Start of GIVEN MATERIAL
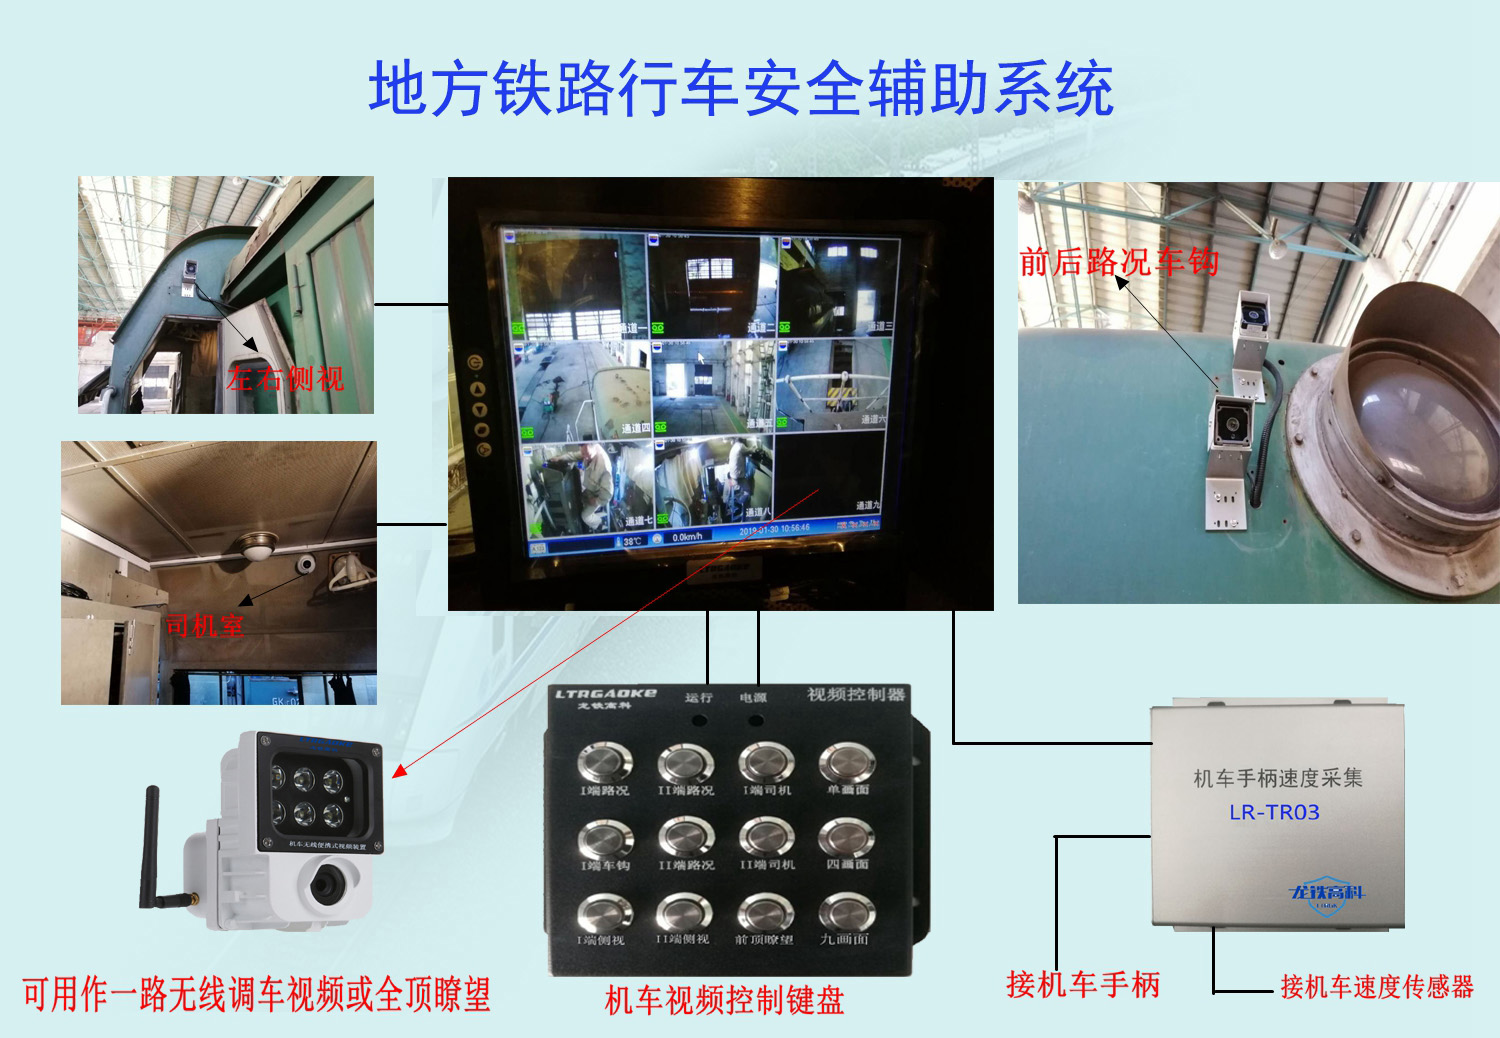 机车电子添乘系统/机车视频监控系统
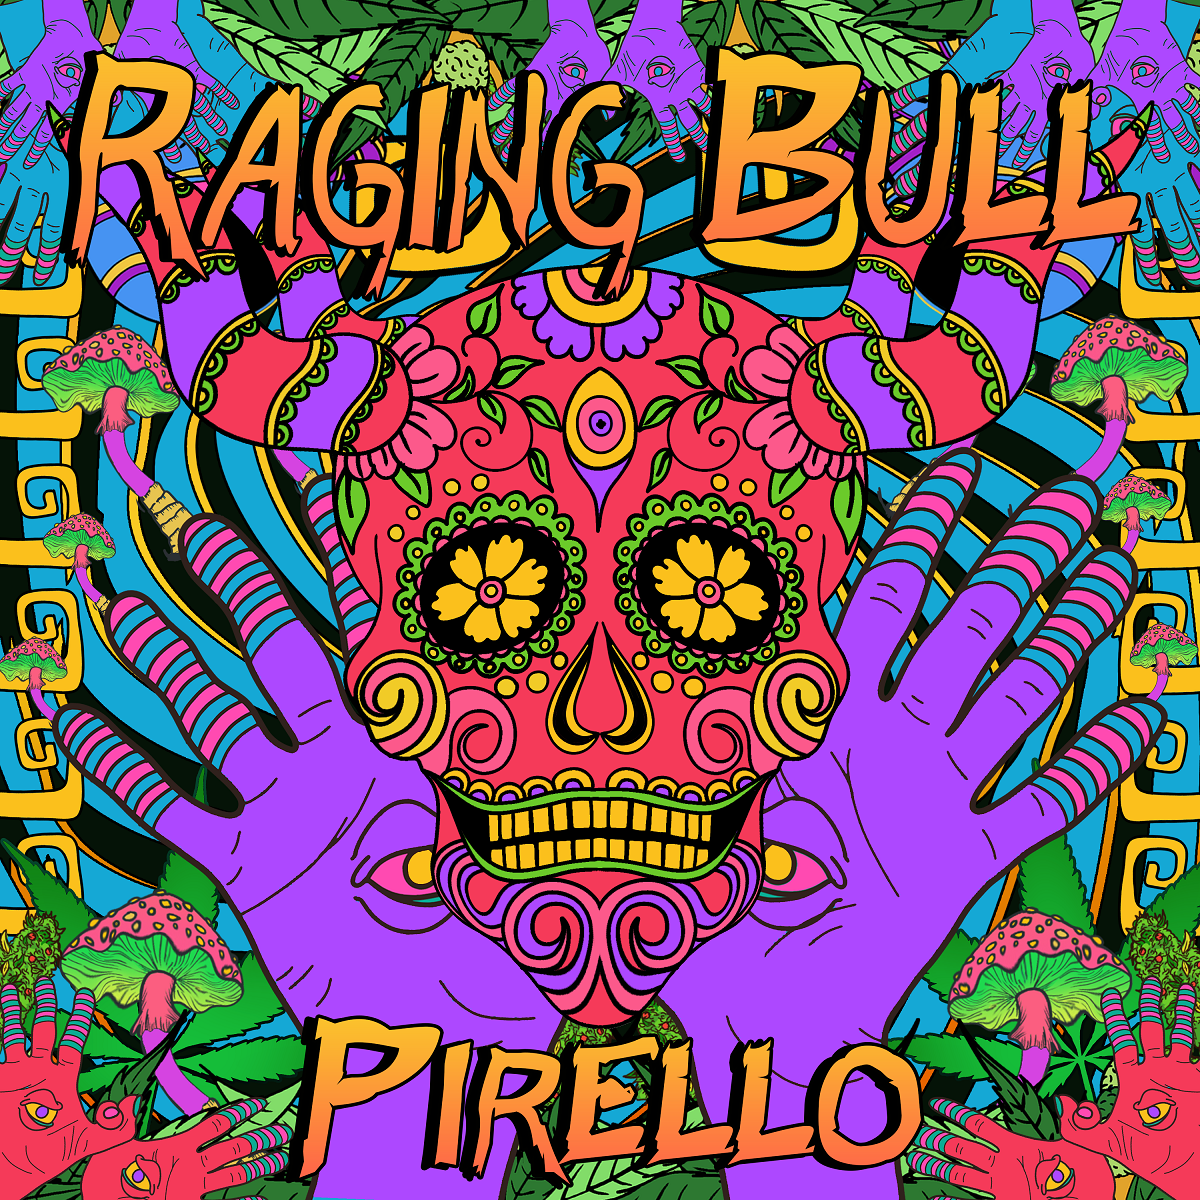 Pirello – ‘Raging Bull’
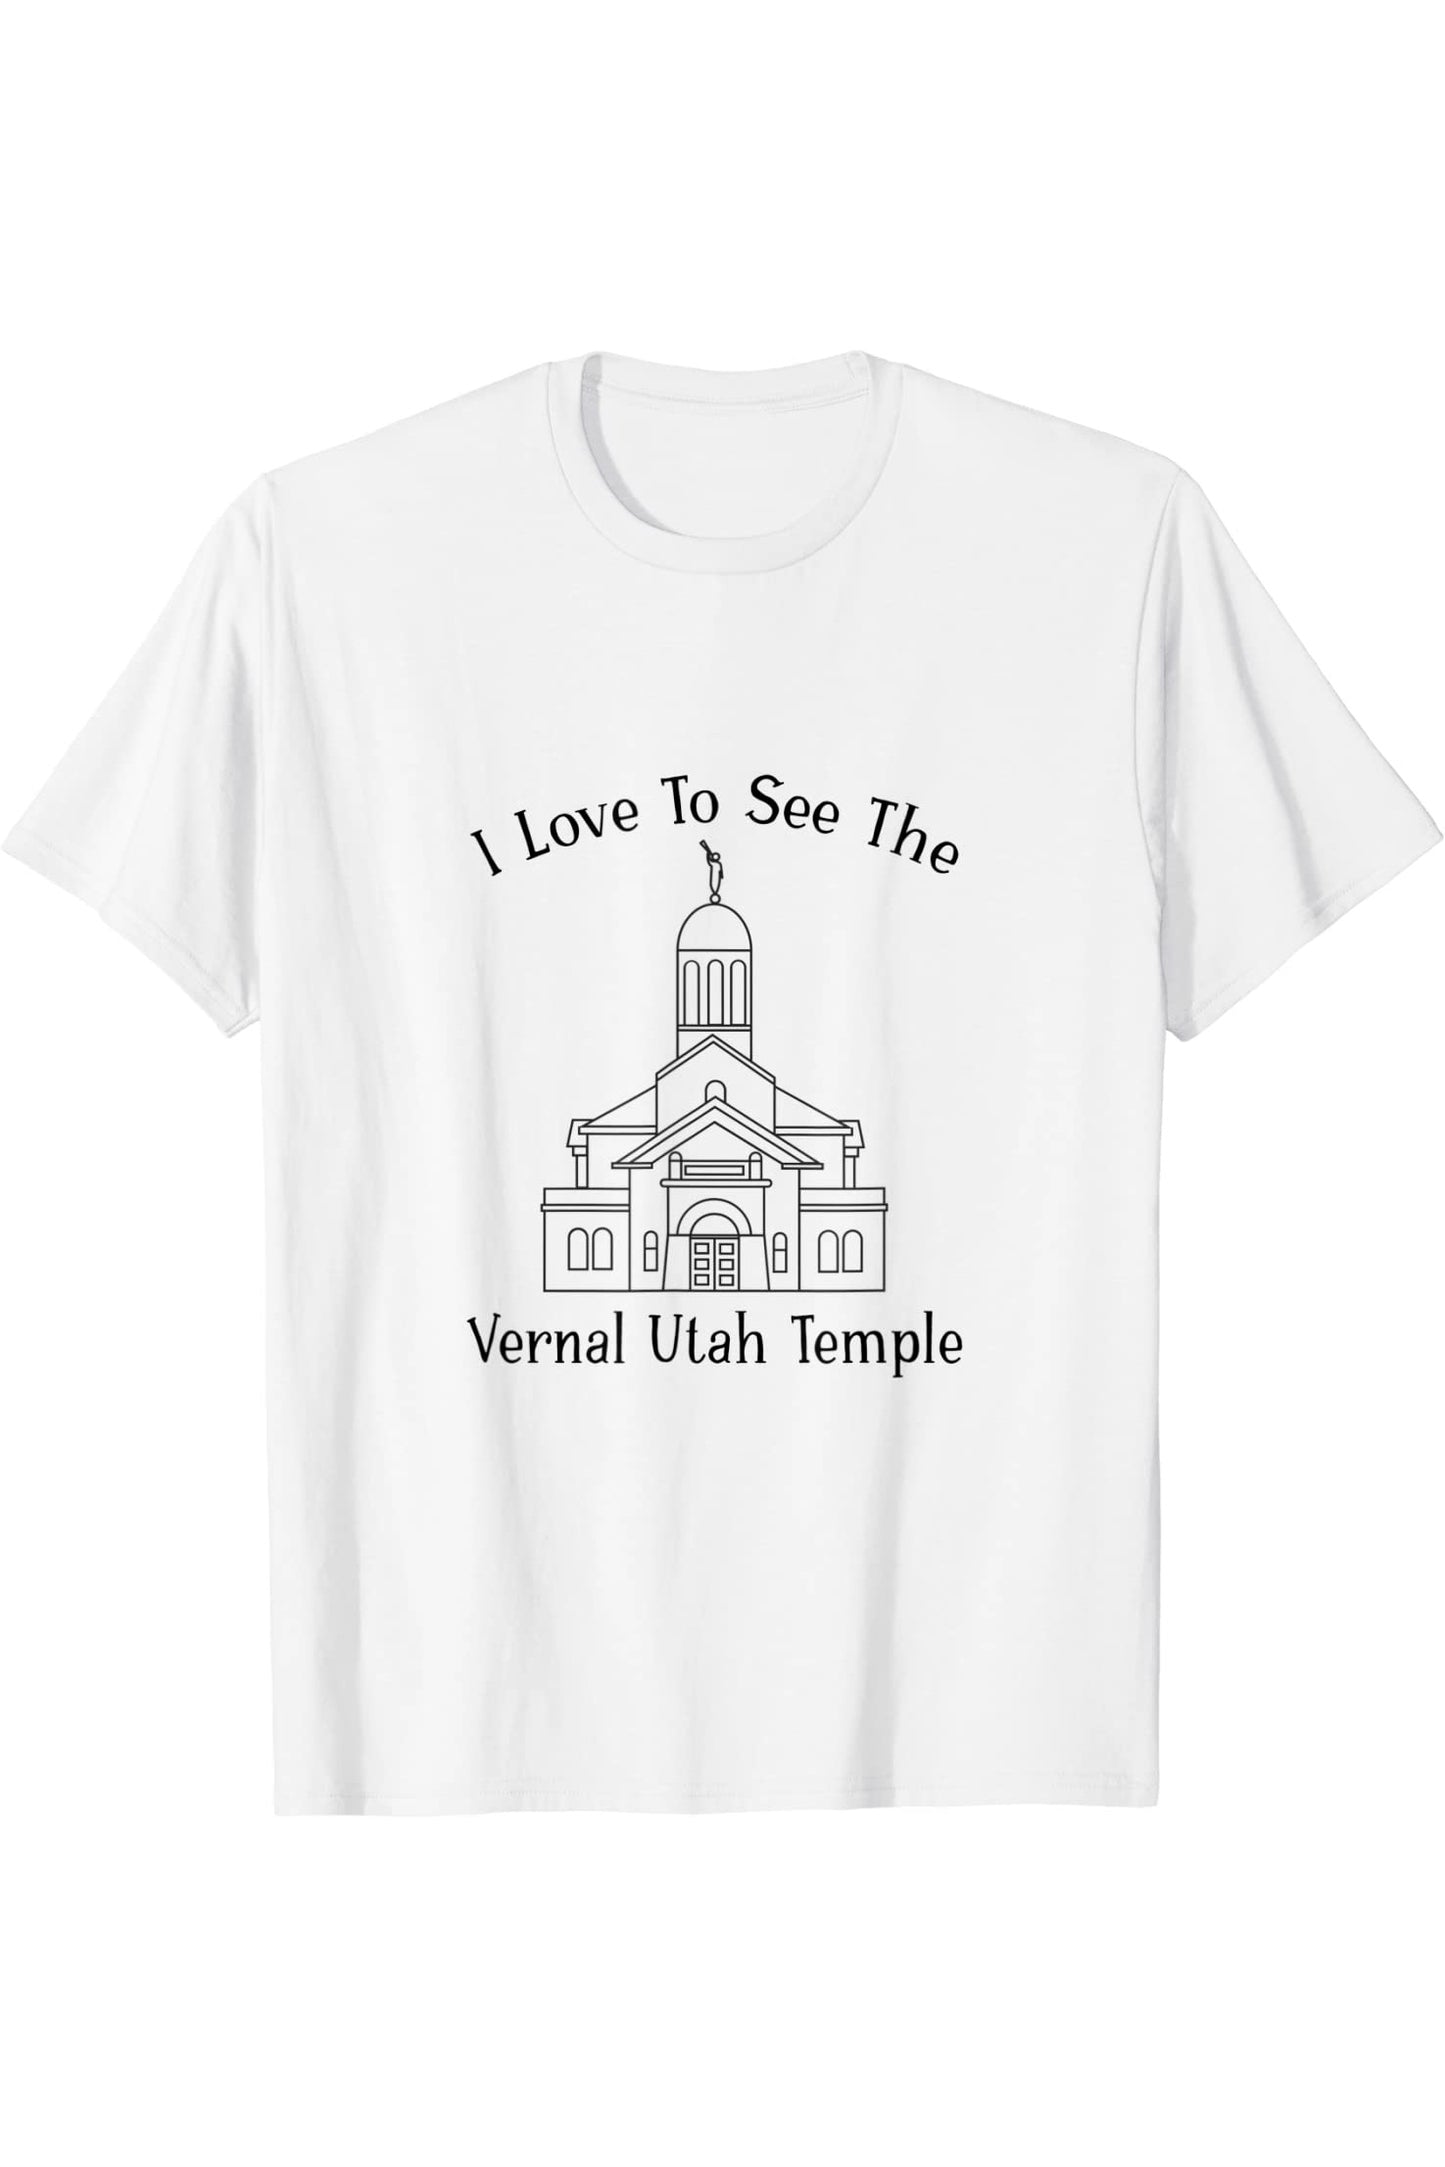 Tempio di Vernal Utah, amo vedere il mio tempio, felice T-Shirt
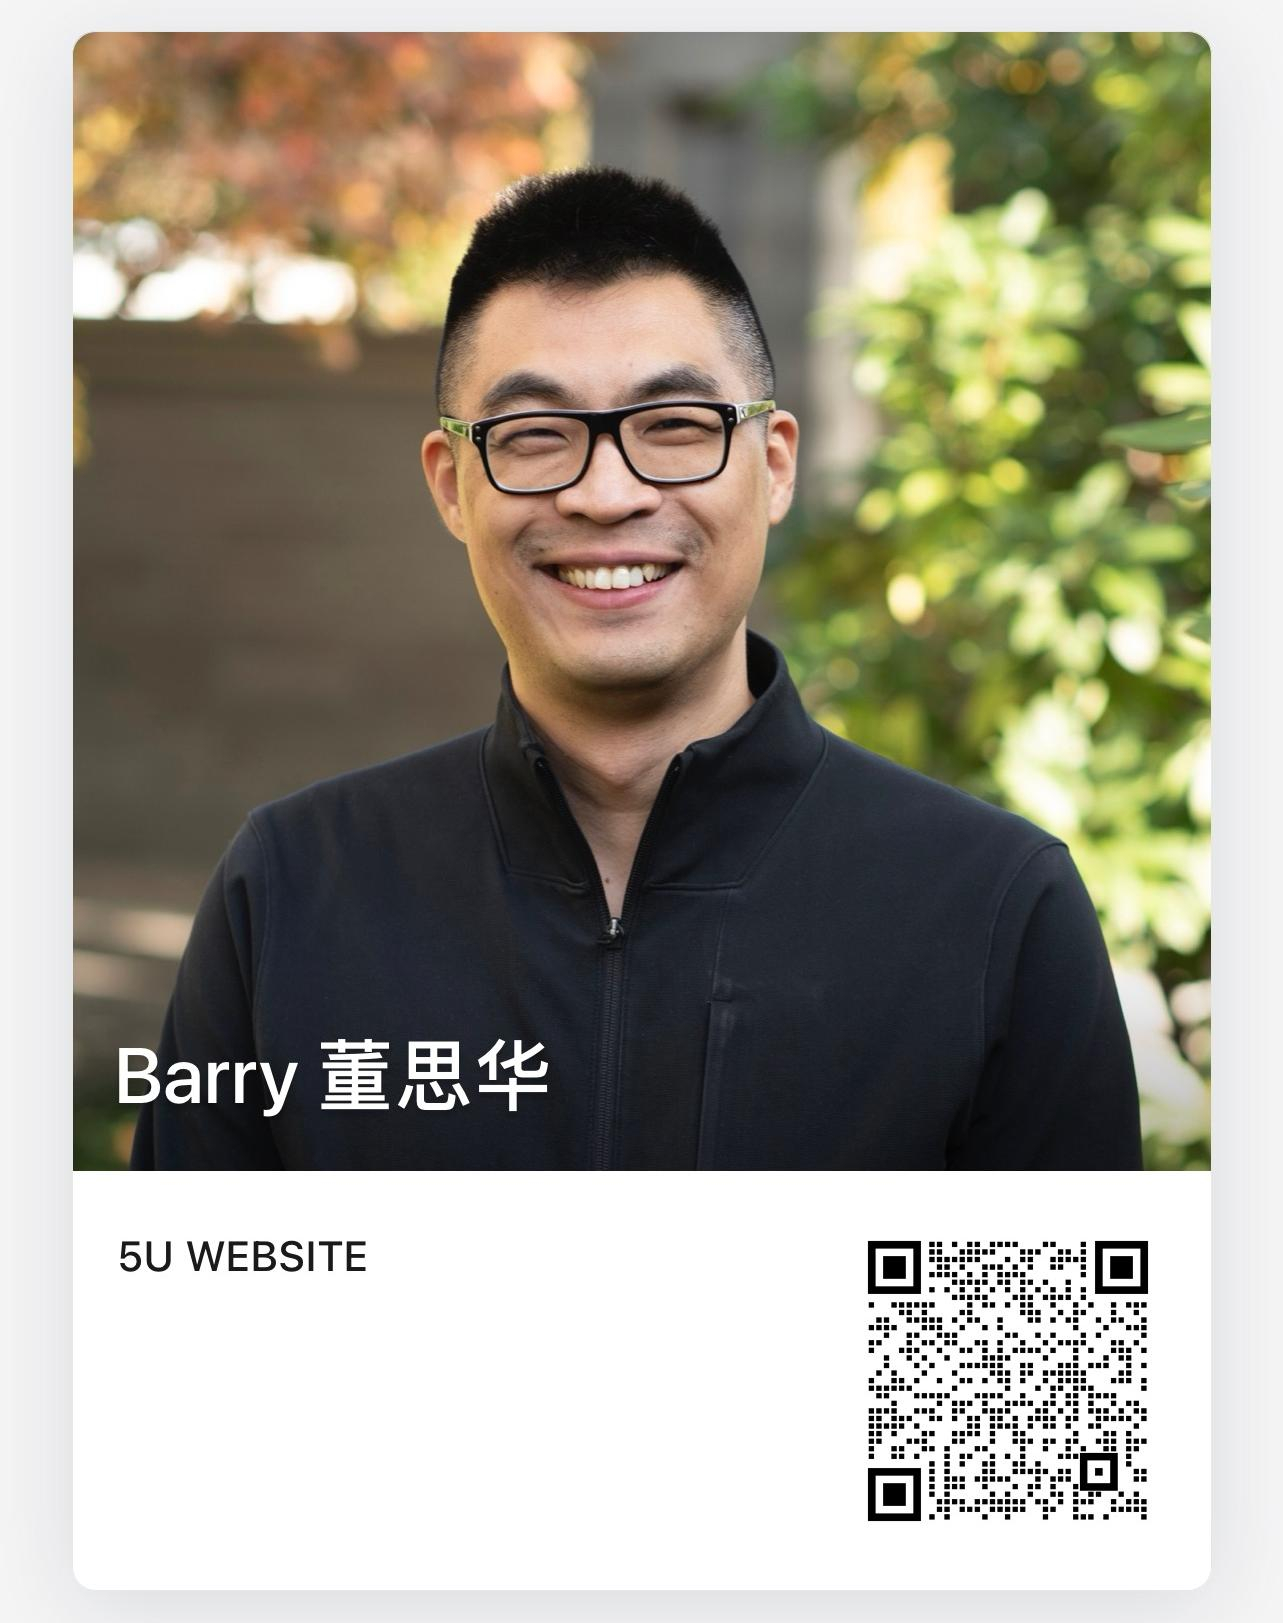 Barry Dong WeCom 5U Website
End of GIVEN MATERIAL
ABOUT THIS EXERCISE:
Please output every line of the listing as it stands, and omit its images.

RESULT OF THE TASK:
 机车电子添乘系统/机车视频监控系统
 Pirello – ‘Raging Bull’
 Tempio di Vernal Utah, amo vedere il mio tempio, felice T-Shirt
 Barry Dong WeCom 5U Website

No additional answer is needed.